• **DATA EXTRACT**
_ _ _ _ _
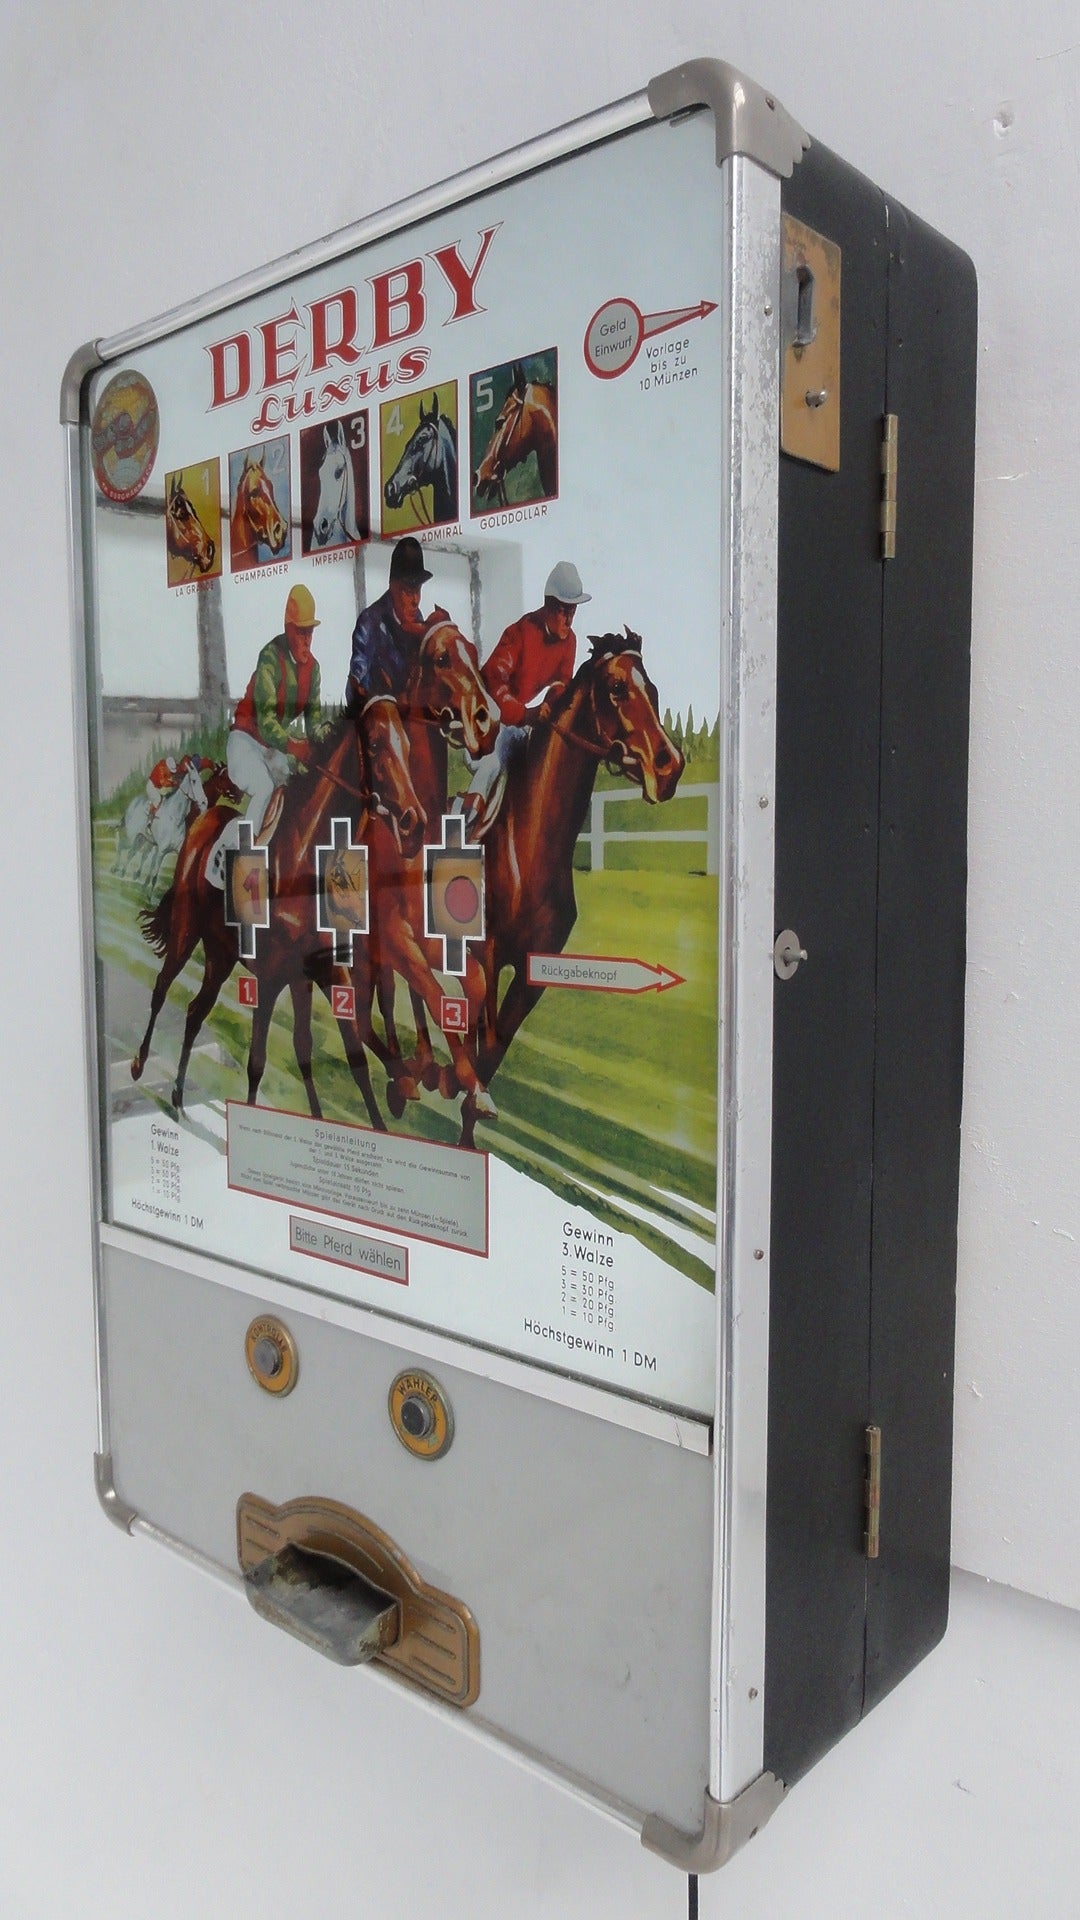 A very rare and fully working German coin machine from 1960 produced by Theodor Bergmann & Co, Hamburg

The Derby Luxus is a horse race themed gambling machine that operates with 10 Pfennigs (jar of coins included) but also works on current 5 Euro
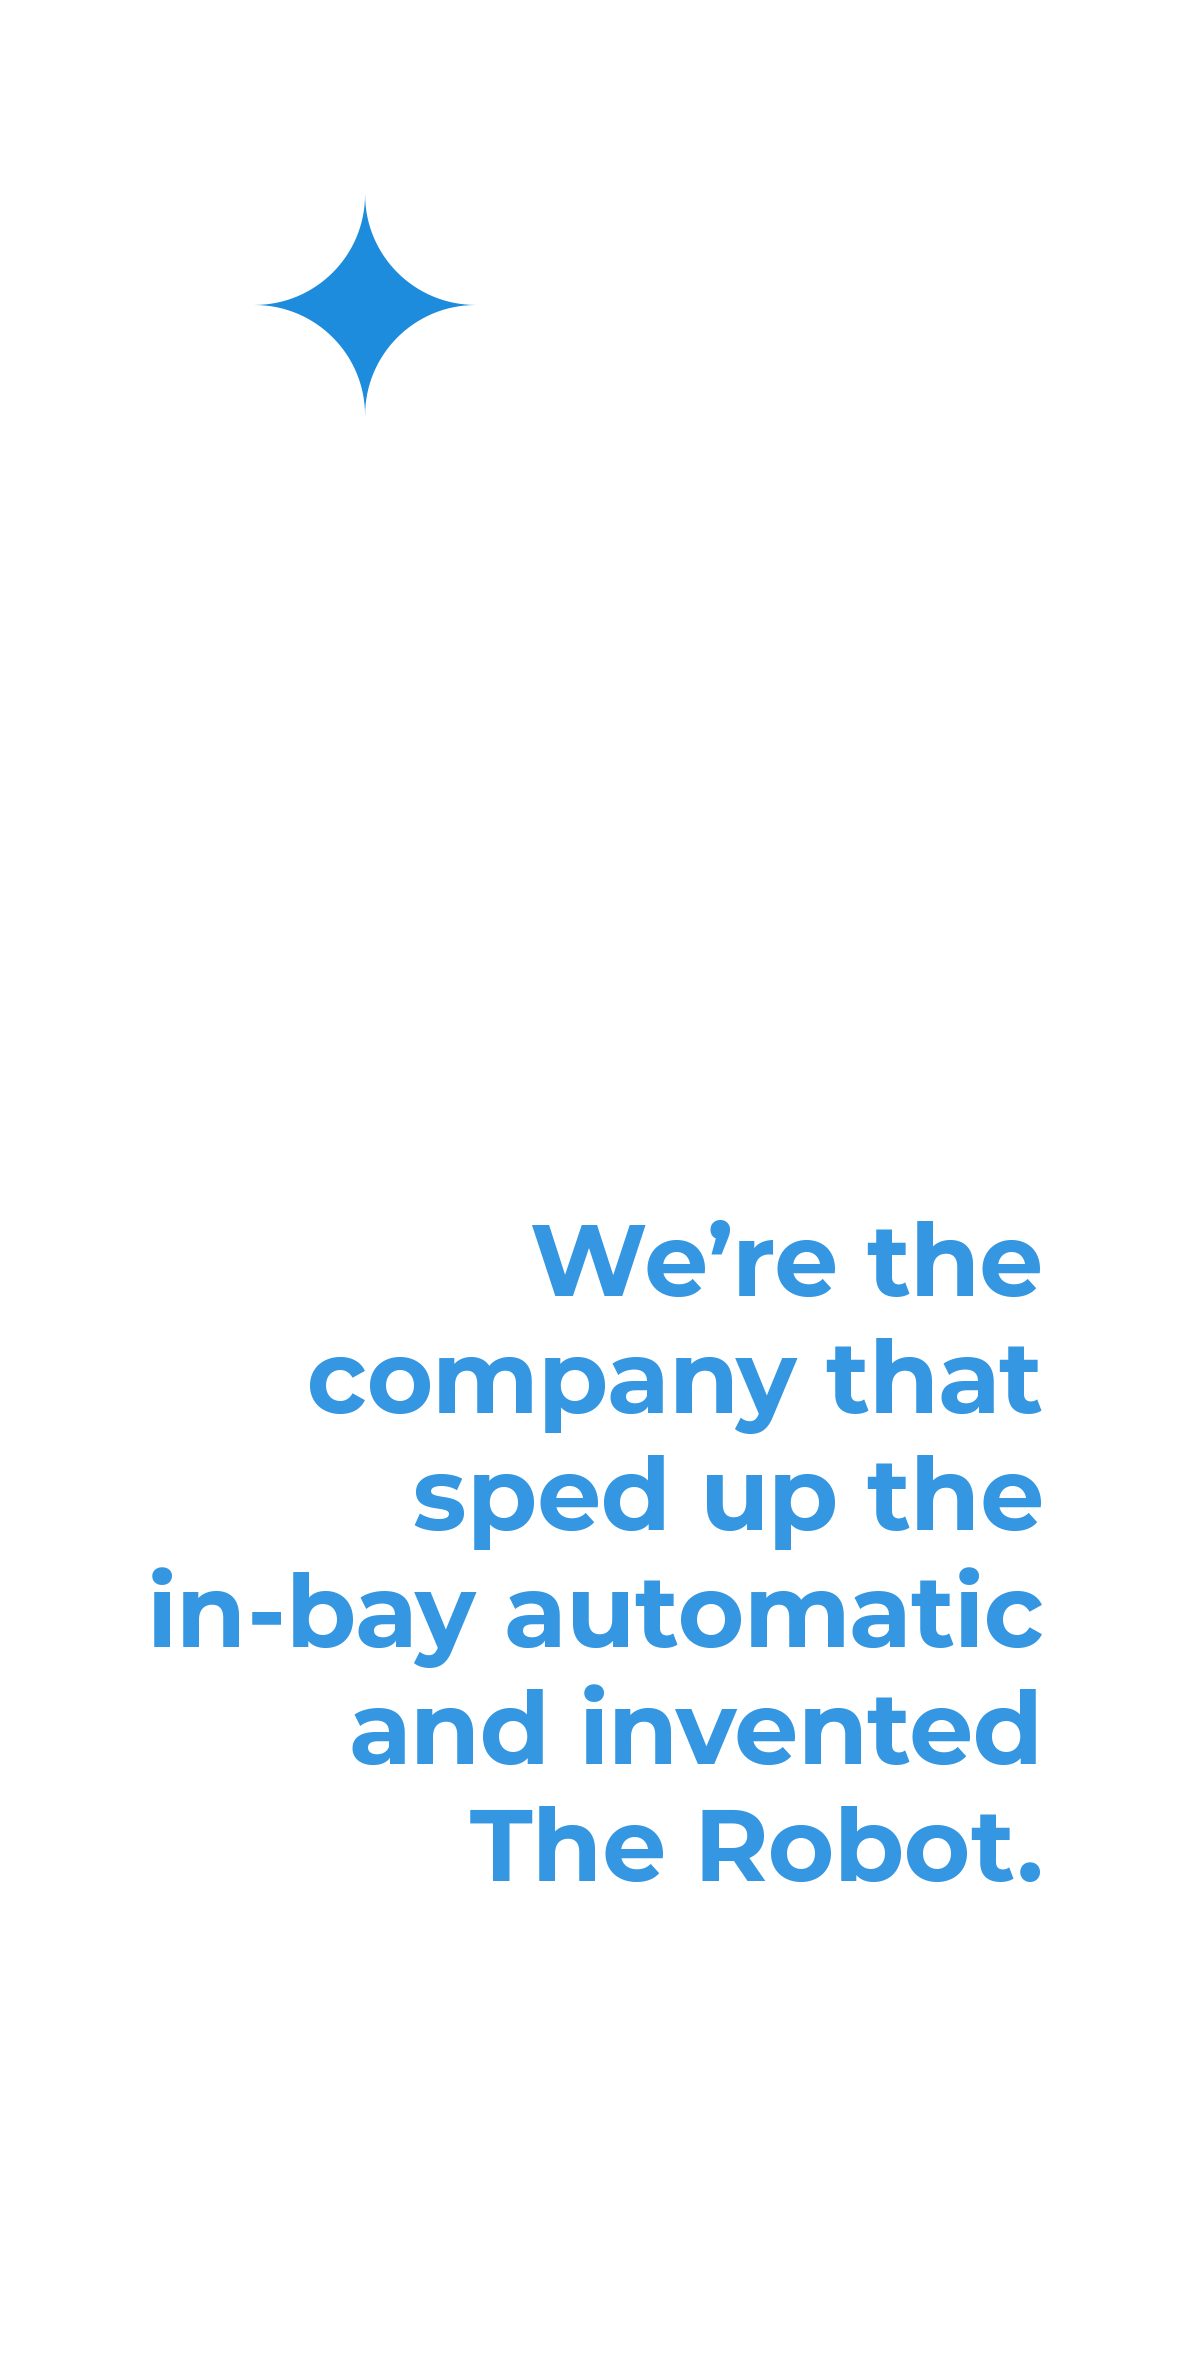 50 years in the car wash industry. We're the company that sped up the inbay automatic and invented The Robot.
_ _ _ _ _
No picture belongs in the copy; return the rest of the listing exactly.

 A very rare and fully working German coin machine from 1960 produced by Theodor Bergmann & Co, Hamburg

The Derby Luxus is a horse race themed gambling machine that operates with 10 Pfennigs (jar of coins included) but also works on current 5 Euro
 50 years in the car wash industry. We're the company that sped up the inbay automatic and invented The Robot.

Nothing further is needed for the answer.